Tak się przedstawia rzeczywistość, zgodnie z którą władza "ludu" z konieczności jest totalna. Wymaga ona wychowania społeczeństwa odgórnie w duchu totalitarystycznym, gdzie każdy ma "swoje zdanie" na temat wszystkiego - tylko nie na temat fundamentu systemu i jego sensu. Proszę bardzo, dyskutujcie "do woli" na temat wysokości emerytur, na temat budowy elektrowni atomowej (z całą powagą mierzy się "sondaże", gdzie sprzątaczka nie umiejąca dodawać znaczy tyle samo co inżynier, który zbudował 10 elektrowni atomowych). Tylko nie na temat samego systemu. Ludzie, którzy tego się pojmują, są przez totalną "władzę" (grupę, która sama sobie daje władzę pod pozorem demokracji rozumianej jako władza spoleczeństwa) zepchnięci na margines dyskursu publicznego a wejście do życia politycznego mają absolutnie zakazane - w tę myśl każda partia polityczna w III RP musi być demokratyczna, dlatego w życiu politycznym obecnego świata nie ma absolutnie szeroko pojętej strony prawicowej, która z definicji jest antydemokratyczna.
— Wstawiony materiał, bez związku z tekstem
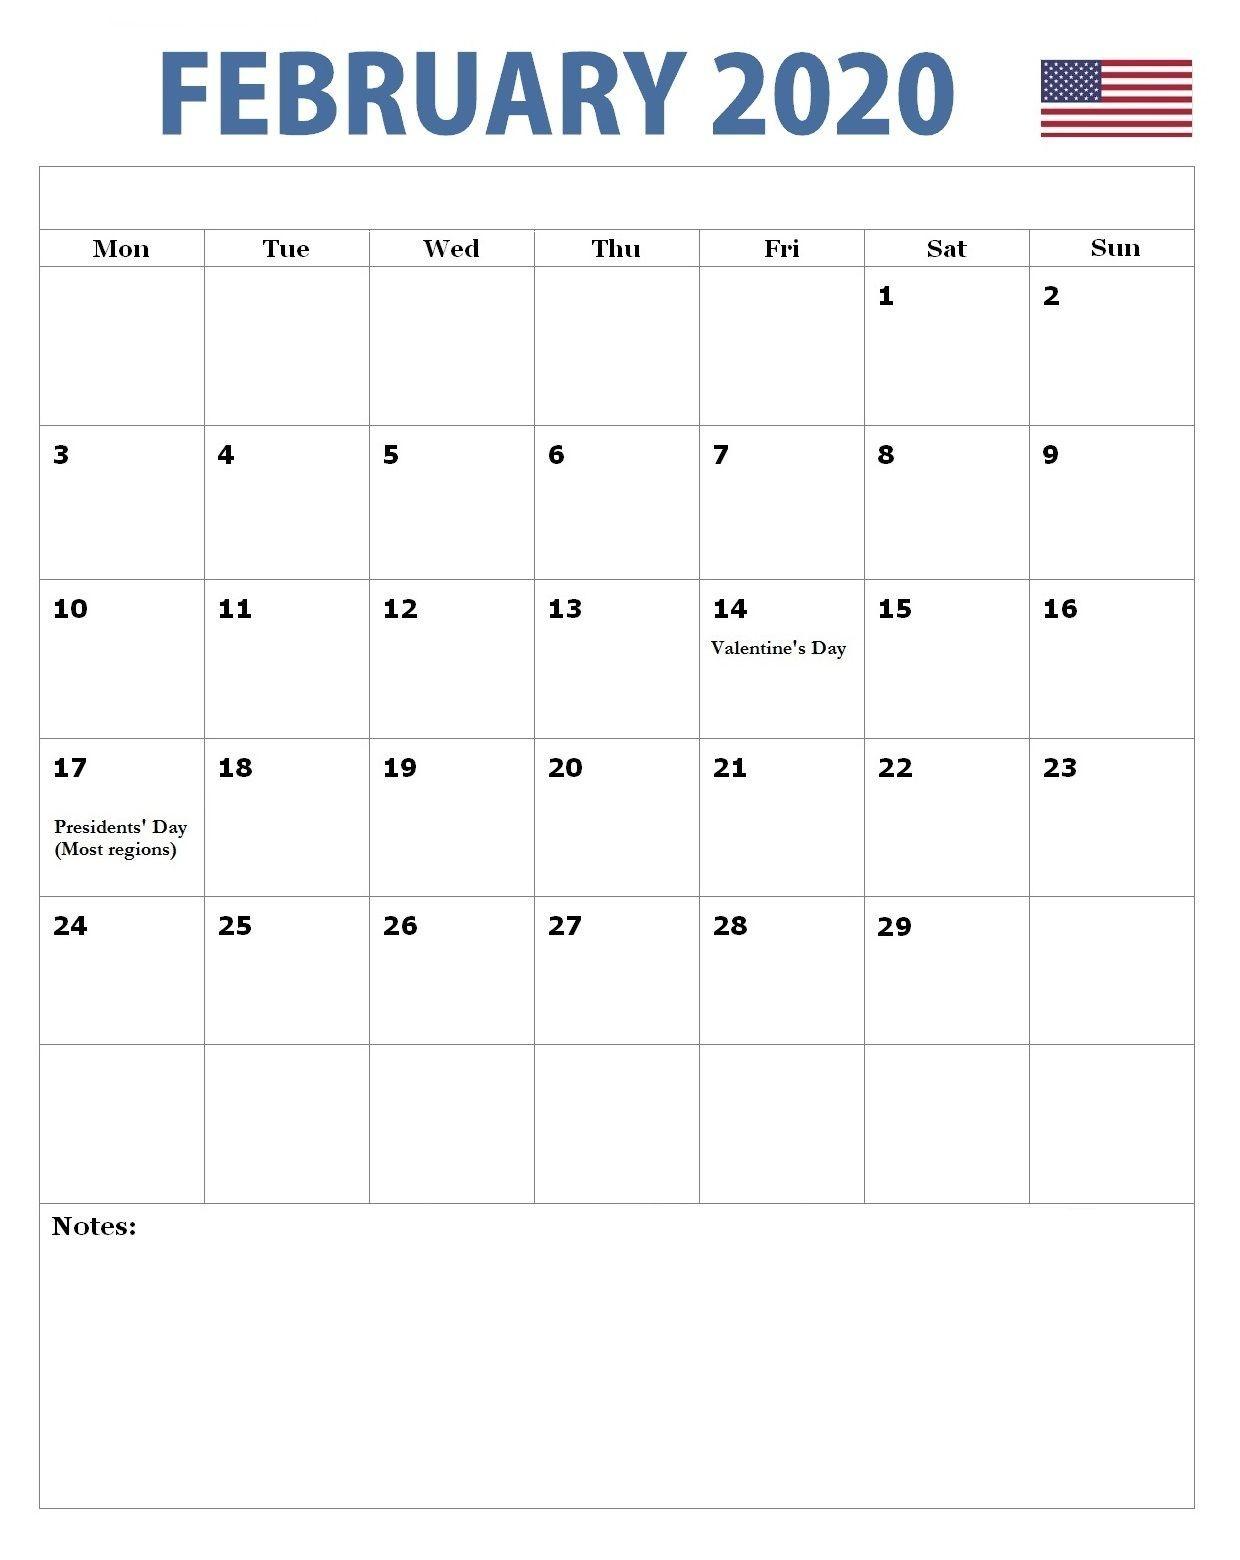 February 2020 American Holidays Calendar
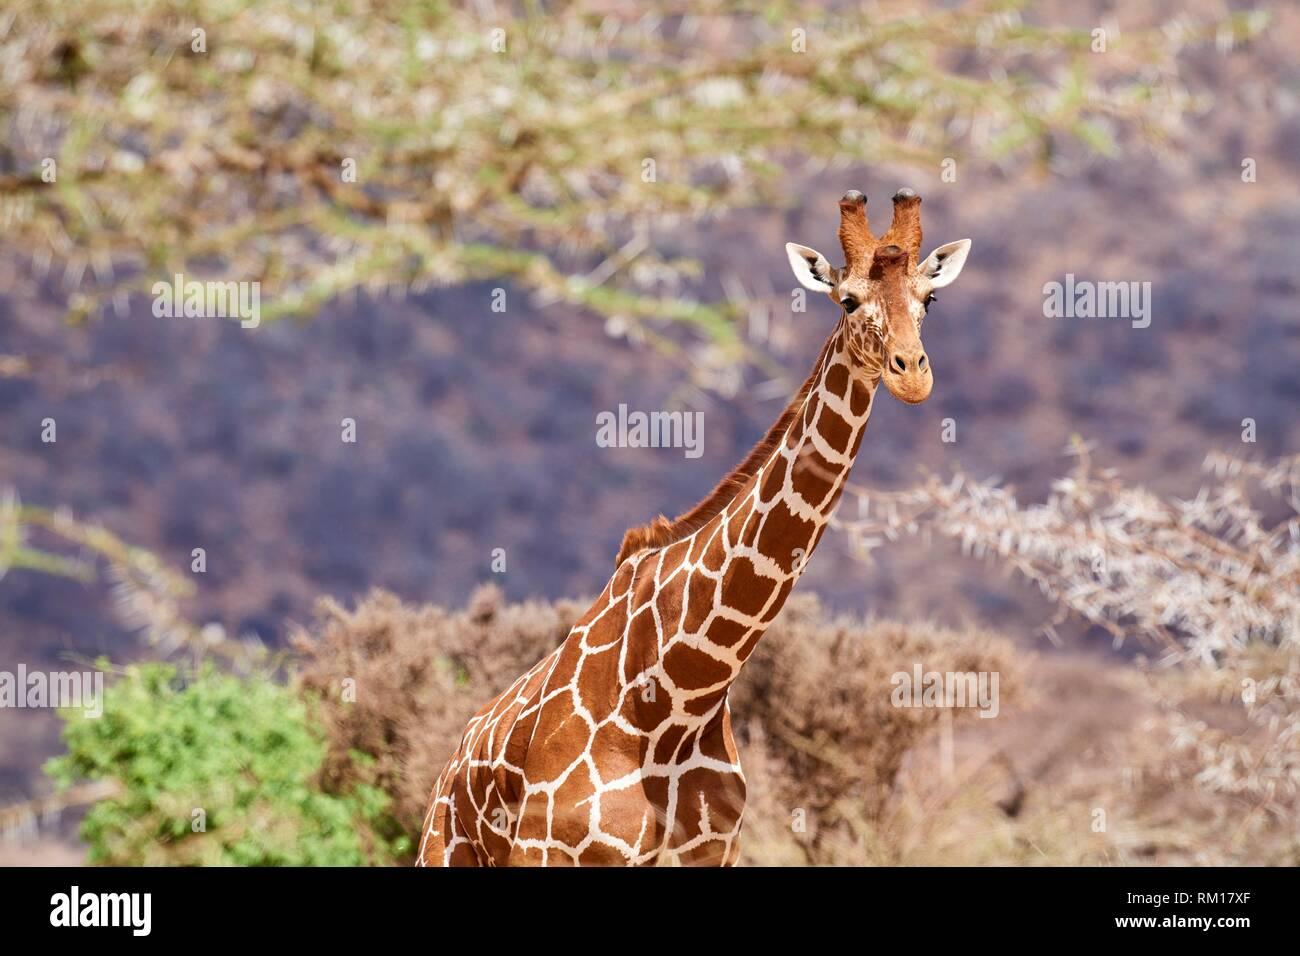 Reticulated giraffe {Giraffa camelopardalis reticulata} head and neck, Samburu National Reserve, Kenya, Africa. Stock Photo

Można mówić, można krzyczeć, ale prawdziwa opozycja praktycznie nie istnieje w przestrzeni publicznej a już zwłaszcza politycznej. Na przykład w liberalizmie późnych monarchii europejskich tkwiło ziarno ich upadku, gdyż często pozwalały działać organizacjom antymonarchistycznym, z rzadka interweniując, gdy obca ideologicznie grupa otwarcie podejmowała się działalności terrorystycznej i antypaństwowej.
Demokracja - to ciągły konflikt, ciągłe zmiany, ciągłe "reformowanie", ciągłe "badanie opinii publicznej". To stan permanentnej wojny na tematy nieistotne, i na które nikt z prawdziwej władzy nie zwróci oczywiście uwagi, gdyż społeczeństwo nie ma w rzeczywistości na realną politykę żadnego wpływu. Można zbierać podpisy i pikietować o obniżenie wieku emerytalnego, o ukaranie mamy Madzi, ale nie ma możliwości, np. przeciwstawienia się ekspansji podatkowej państwa. W demokracji parlamenty (które są instytucją monarchistyczną) utraciły swoje pierwotne znaczenie i sens, który polegał na powstrzymywaniu państwa przed coraz większym obciążaniem poddanych. W demokracji to parlamenty przodują w nakładaniu coraz wyższych tych obciążeń.
Lud ma jednak złudzenie, że na coś wpływa (elektrownie atomowe, aborcja, itd.), lecz kwestie dotyczą własnie totalitarnego ustawiania życia jednostki i wspólnot odgórnie (gdyż to państwo będzie przecież egzekutorem "woli ludu"). Są to też kwestie ściśle ideologiczne, zatem wzbudzają wielkie, negatywne emocje (co widać po formie odpowiedzi na moją wypowiedź - nawet neutralny głos z innej strony jest poddawany emocjonalnej krytyce i próbom upodlenia autora), które są zamierzone i sprowadzają się do wspomnianego przeze mnie permanentnego stanu konfliktu.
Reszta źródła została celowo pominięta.